__Information provided__
- - - - - - -

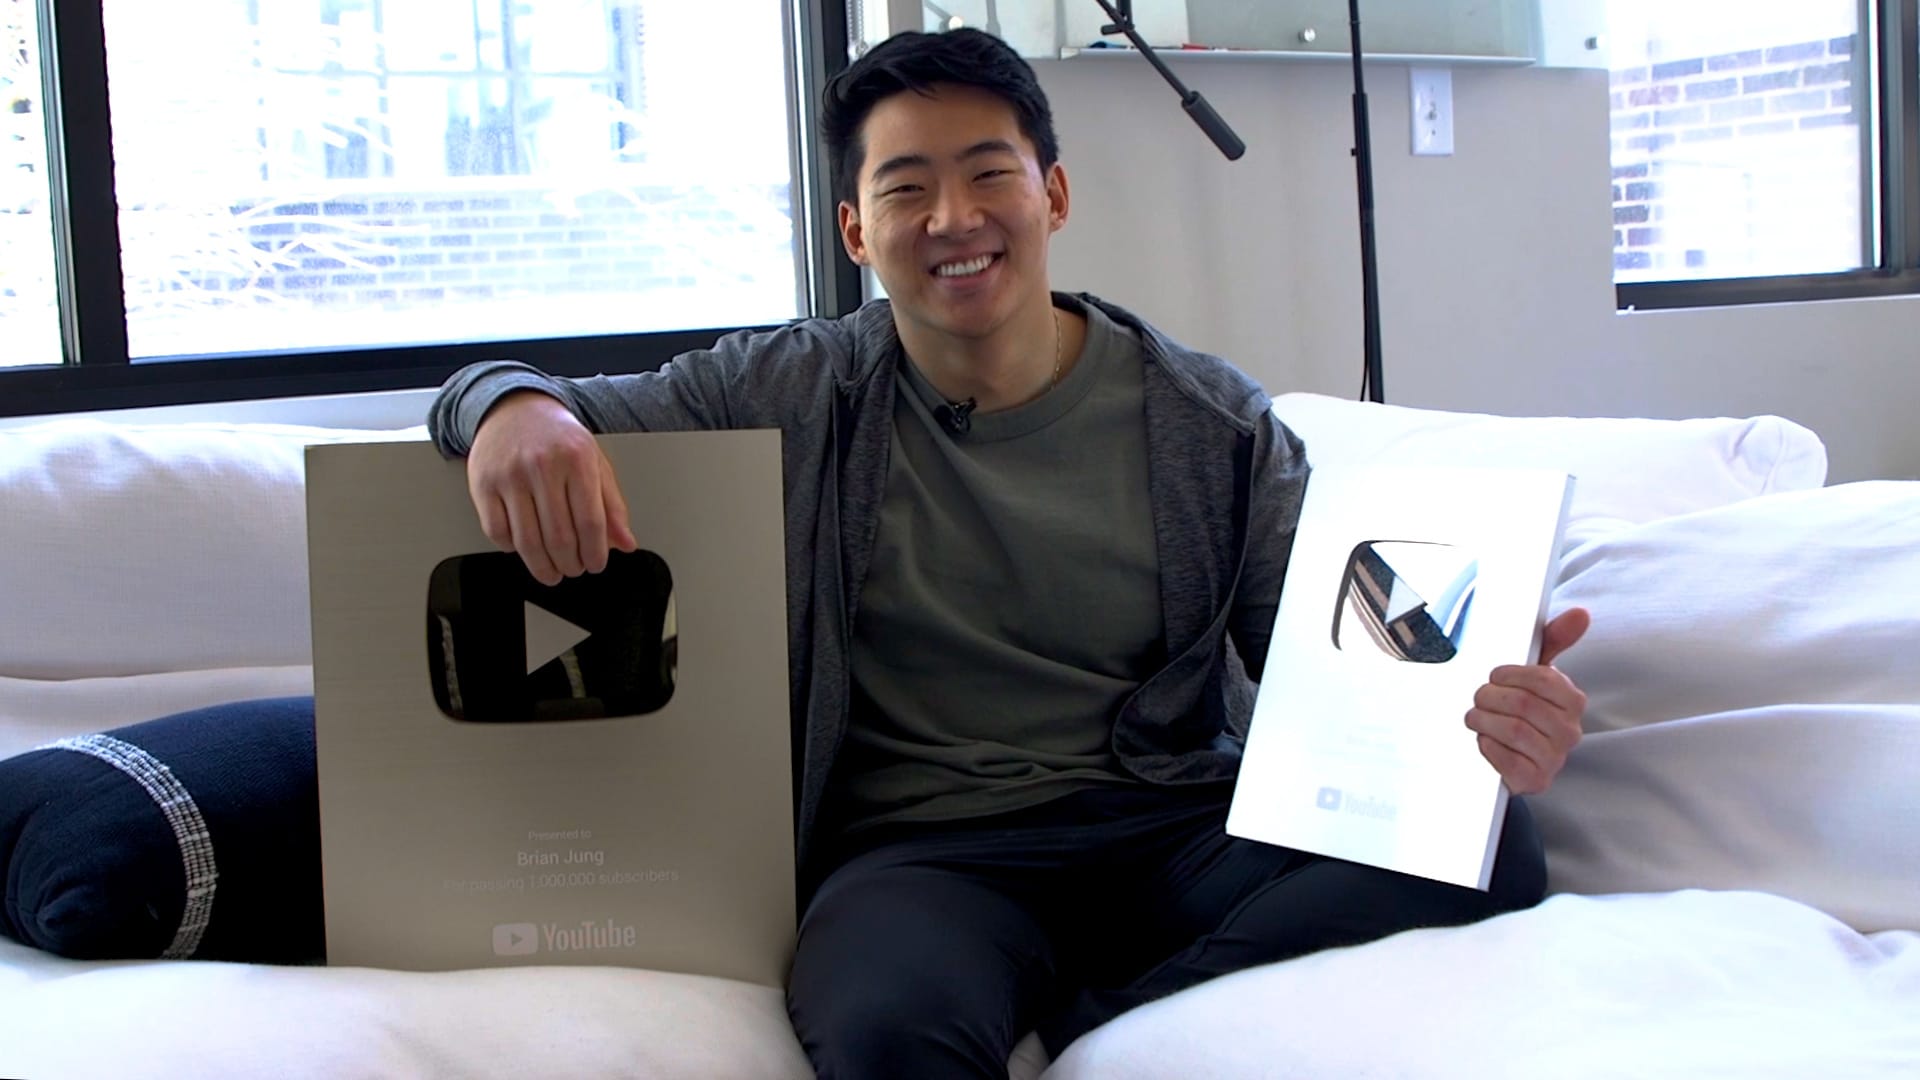 Brian Jung poses with his YouTube Creator Awards.
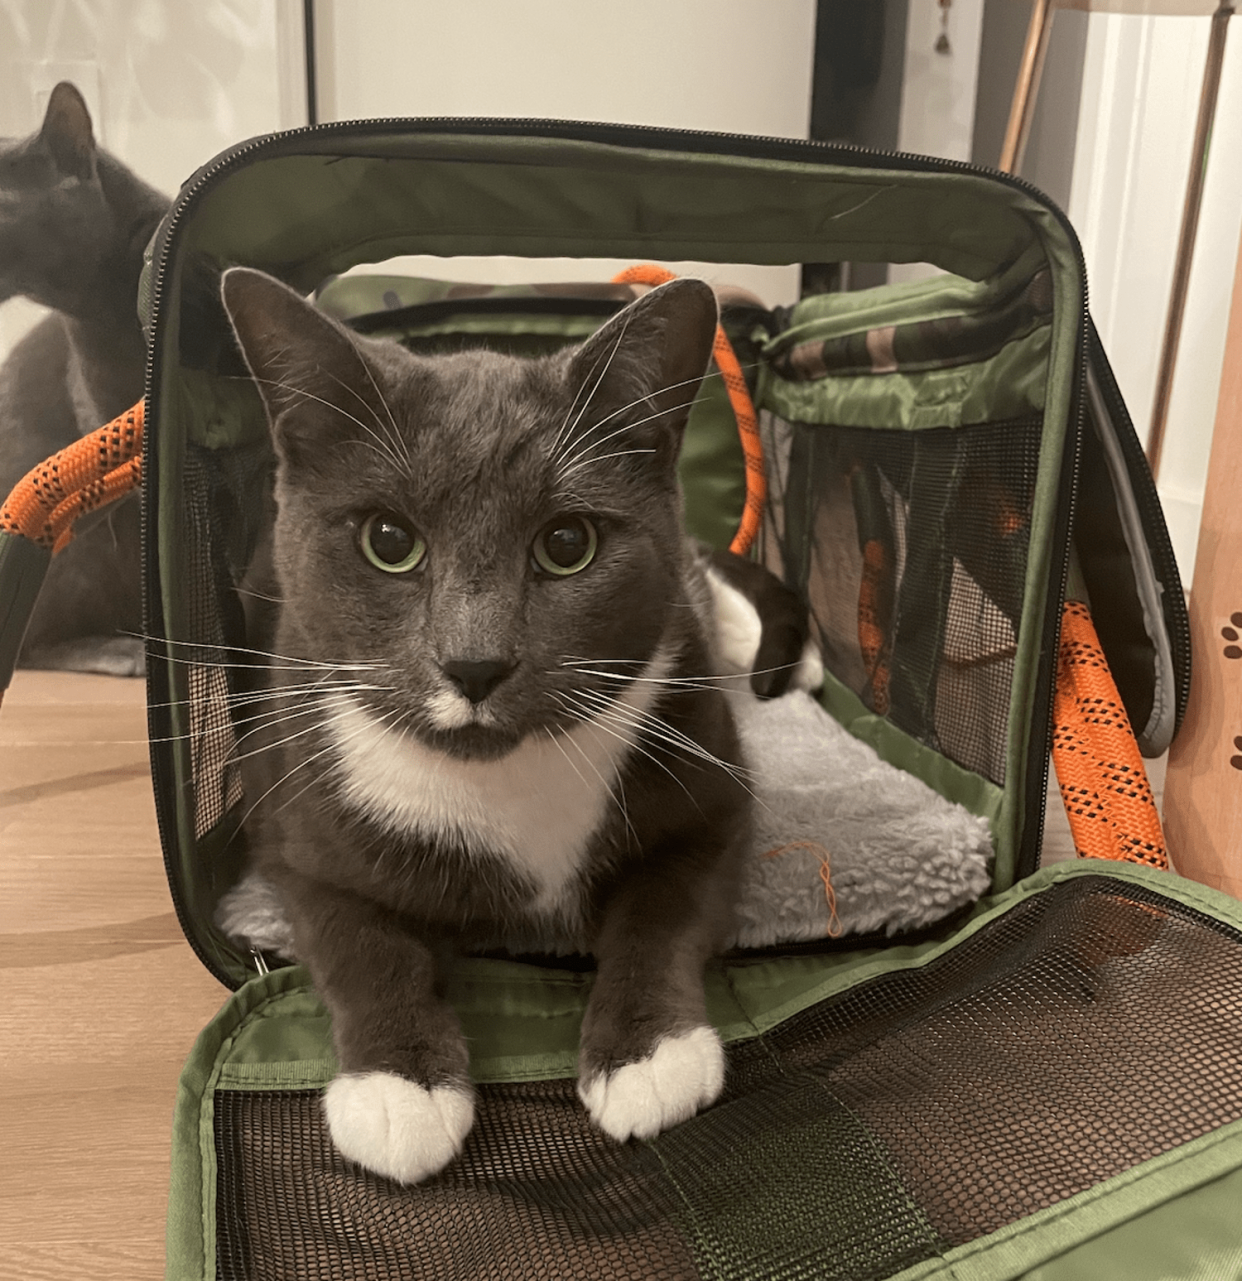 Roverlund's pet carrier is available in a large size, which is great for big cats like Enzo. (Courtesy Rebecca Rodriguez)
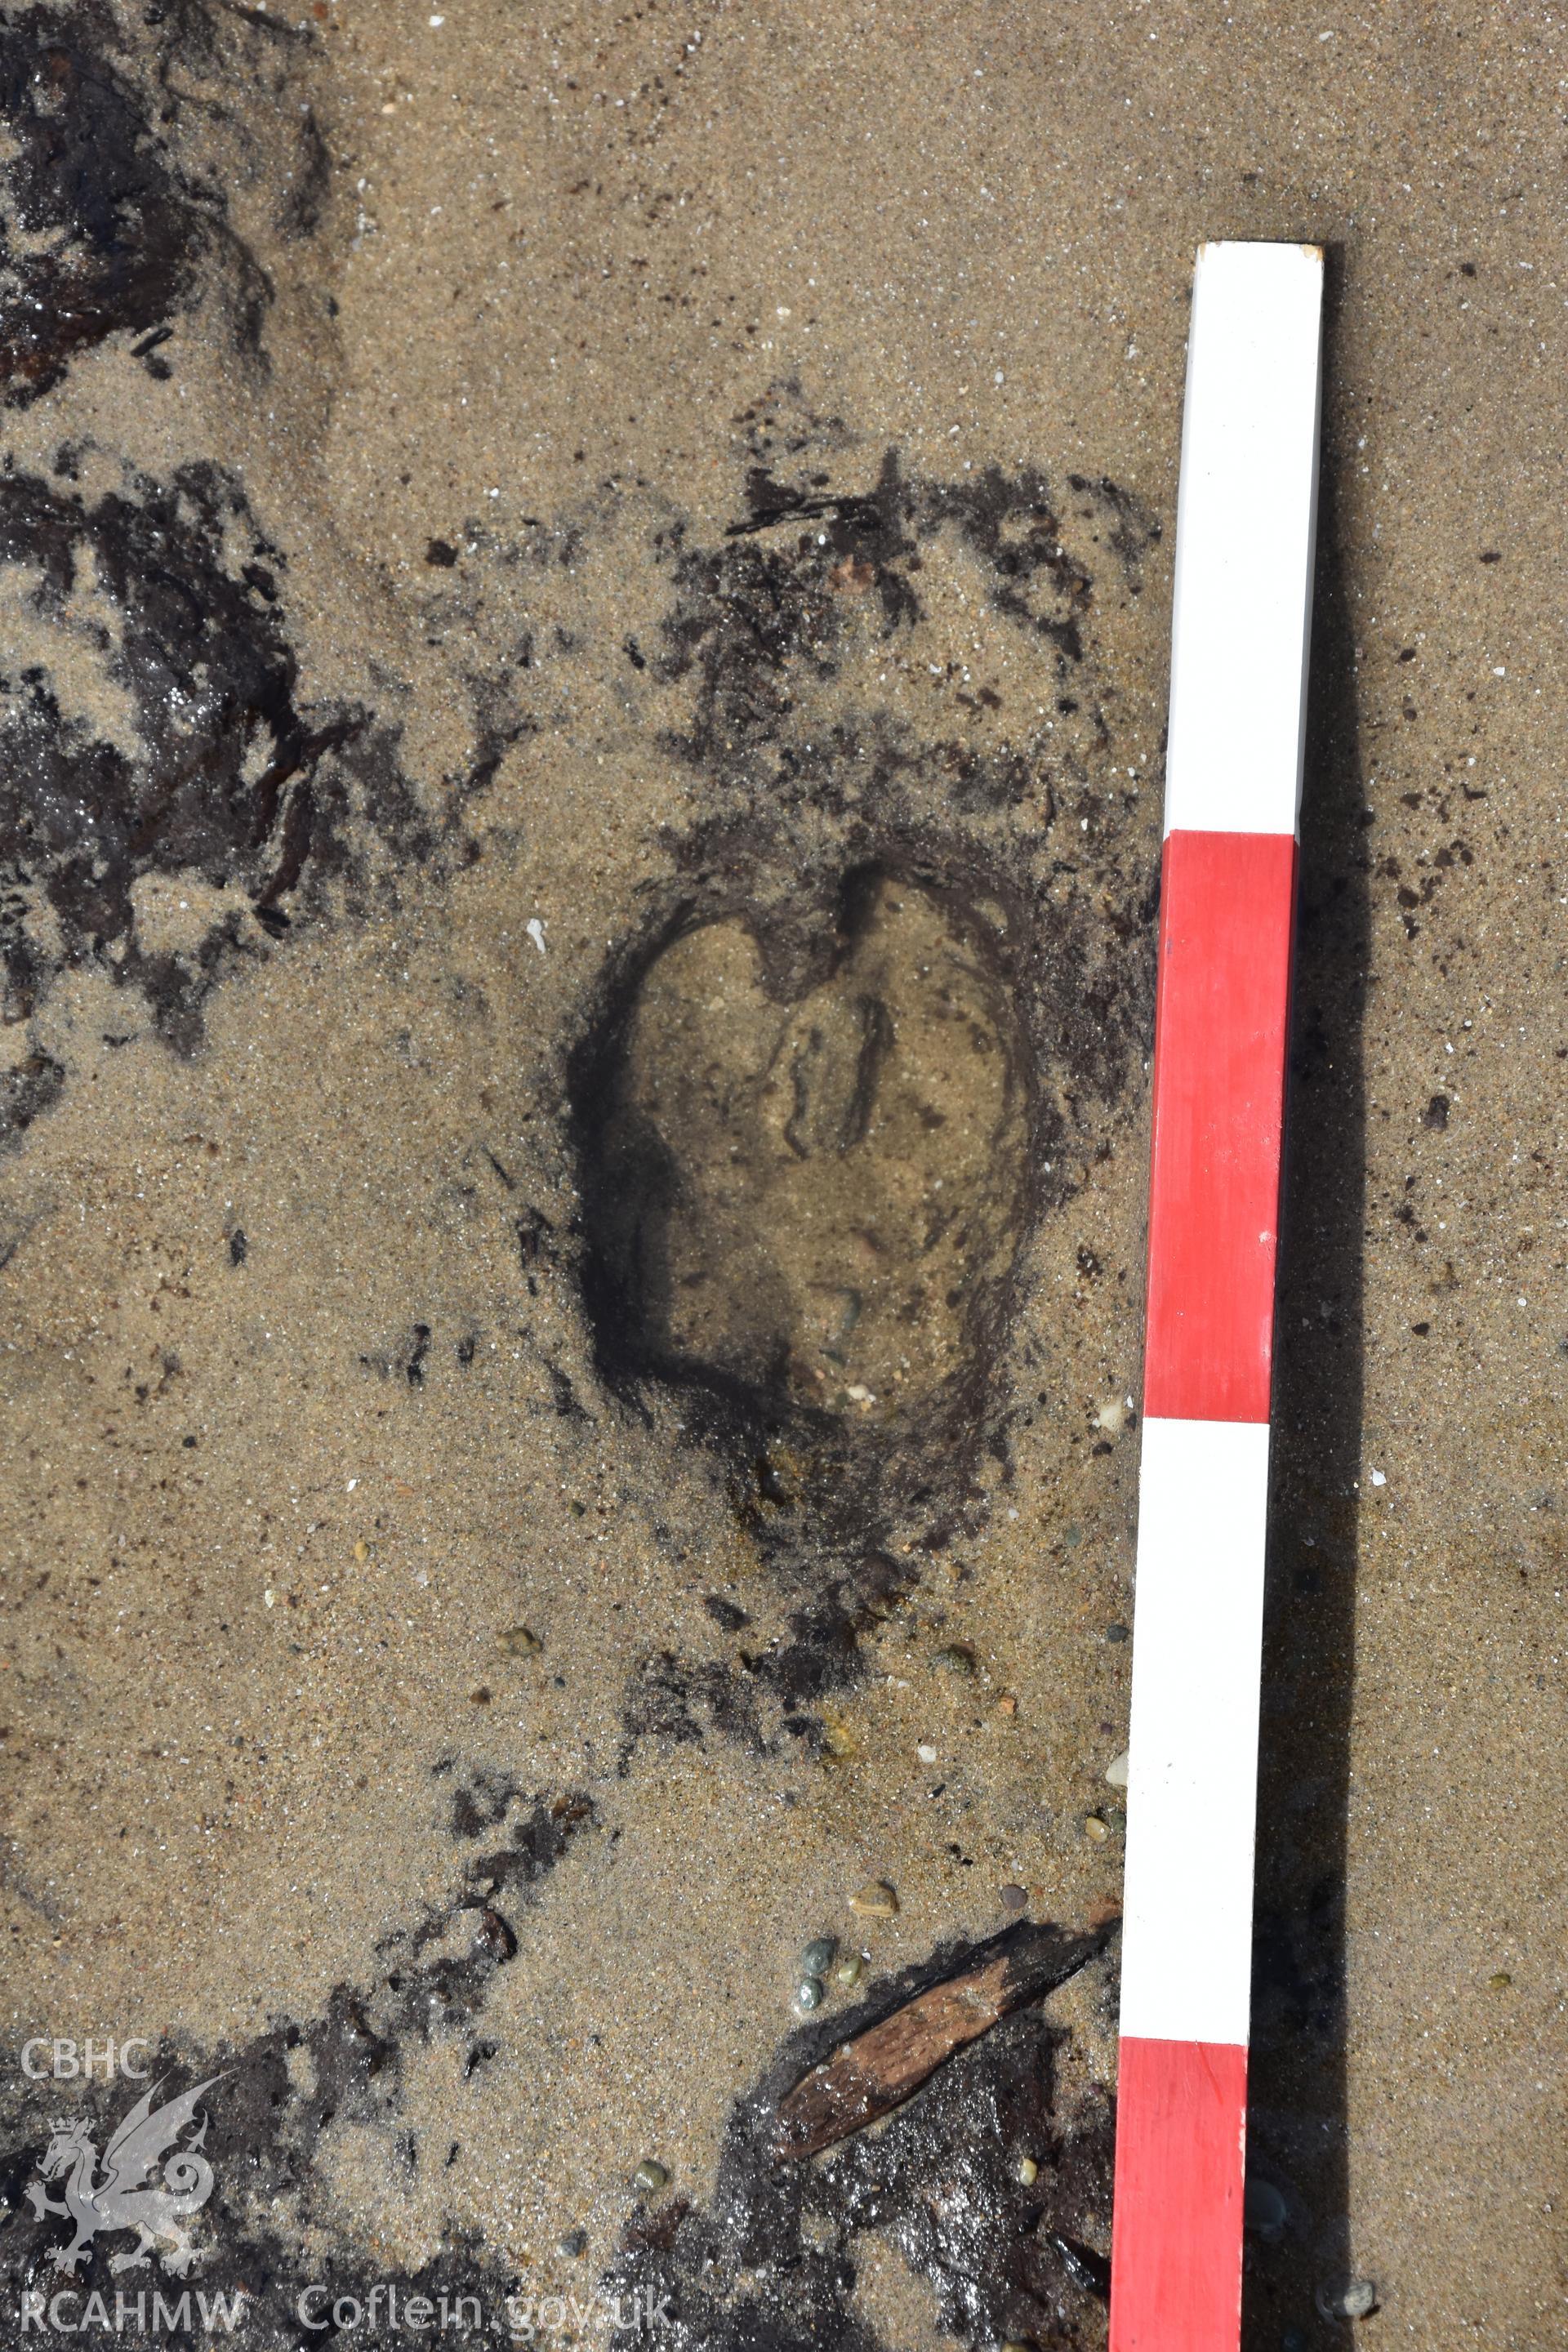 The Warren peat exposures. Photography of prehistoric animal footprints including deer and aurochs clearly marked in the peat surface. Recorded with GNSS and photogrammetry for the CHERISH Project. ? Crown: CHERISH PROJECT 2017. Produced with EU funds through the Ireland Wales Co-operation Programme 2014-2020. All material made freely available through the Open Government Licence.
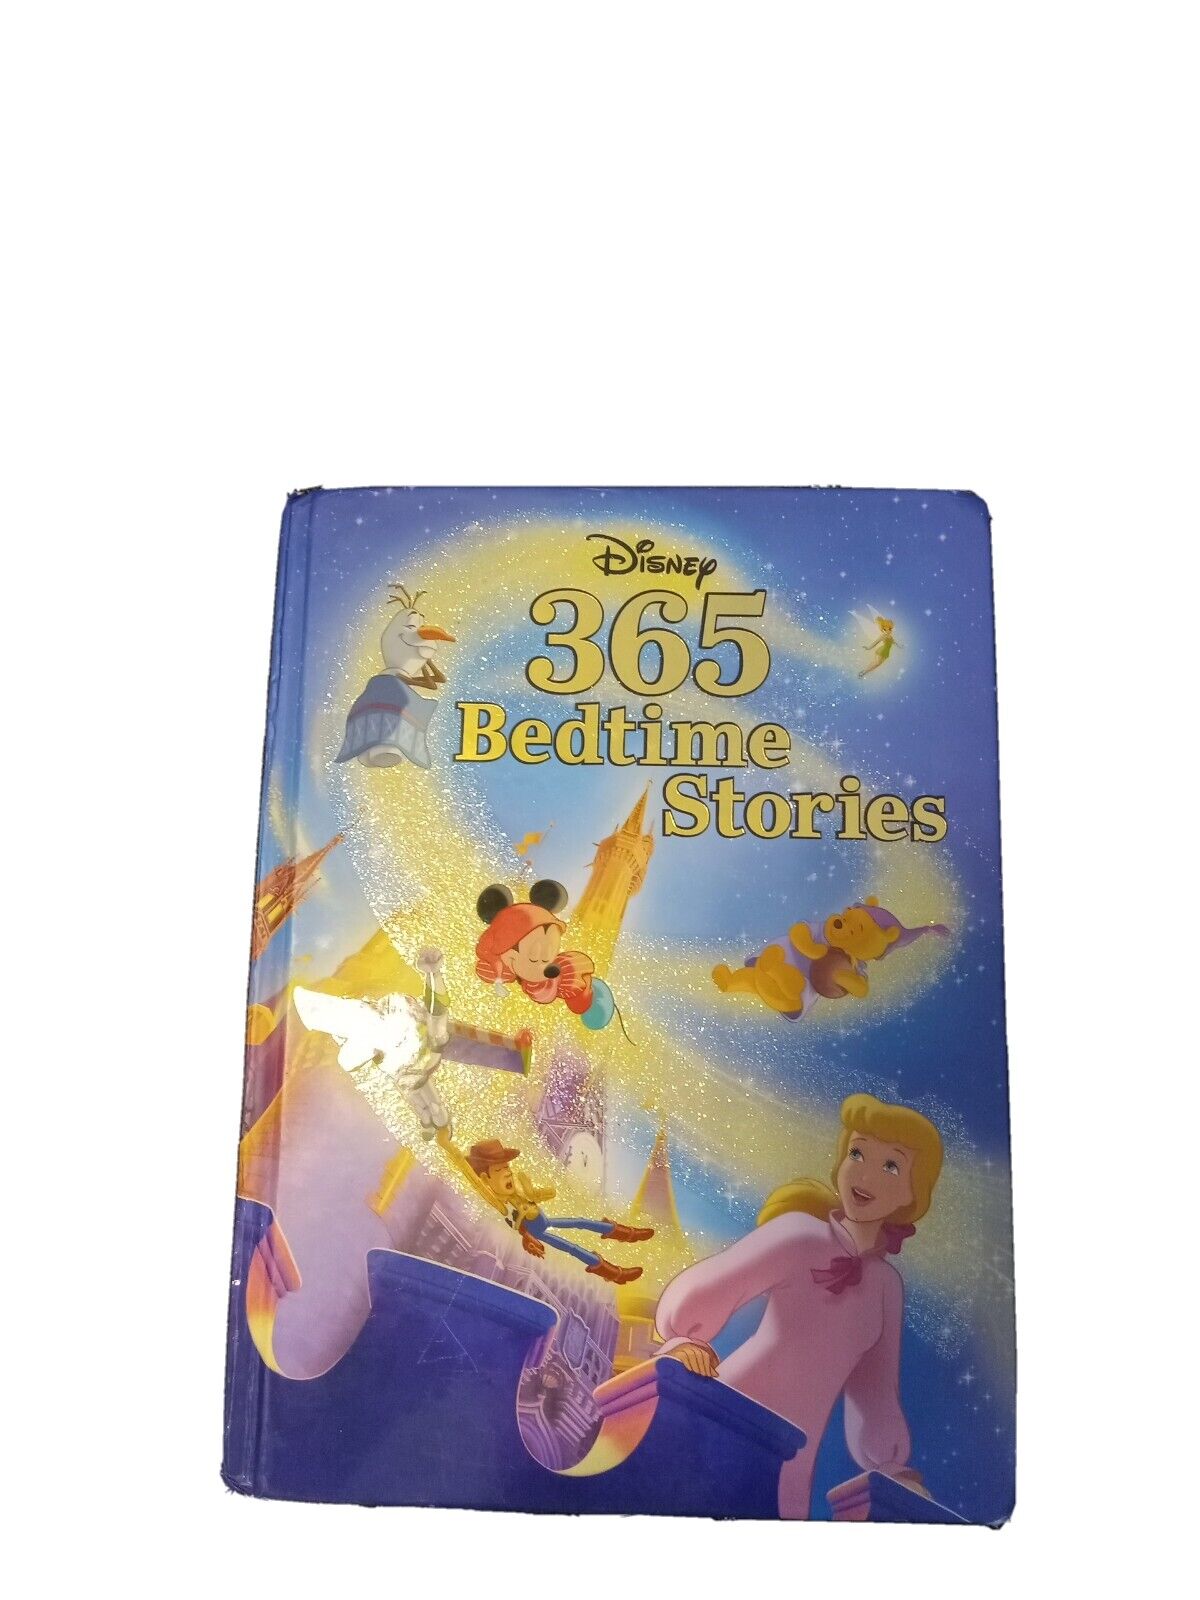 Disney 365 Bedtime Stories. A short bedtime story for every day of the year.

- - - - - - -

__Task description__
All of the data needs repeating exactly, but the pictures do not.

__Exercise solution__
 Brian Jung poses with his YouTube Creator Awards.
 Roverlund's pet carrier is available in a large size, which is great for big cats like Enzo. (Courtesy Rebecca Rodriguez)
 The Warren peat exposures. Photography of prehistoric animal footprints including deer and aurochs clearly marked in the peat surface. Recorded with GNSS and photogrammetry for the CHERISH Project. ? Crown: CHERISH PROJECT 2017. Produced with EU funds through the Ireland Wales Co-operation Programme 2014-2020. All material made freely available through the Open Government Licence.
 Disney 365 Bedtime Stories. A short bedtime story for every day of the year.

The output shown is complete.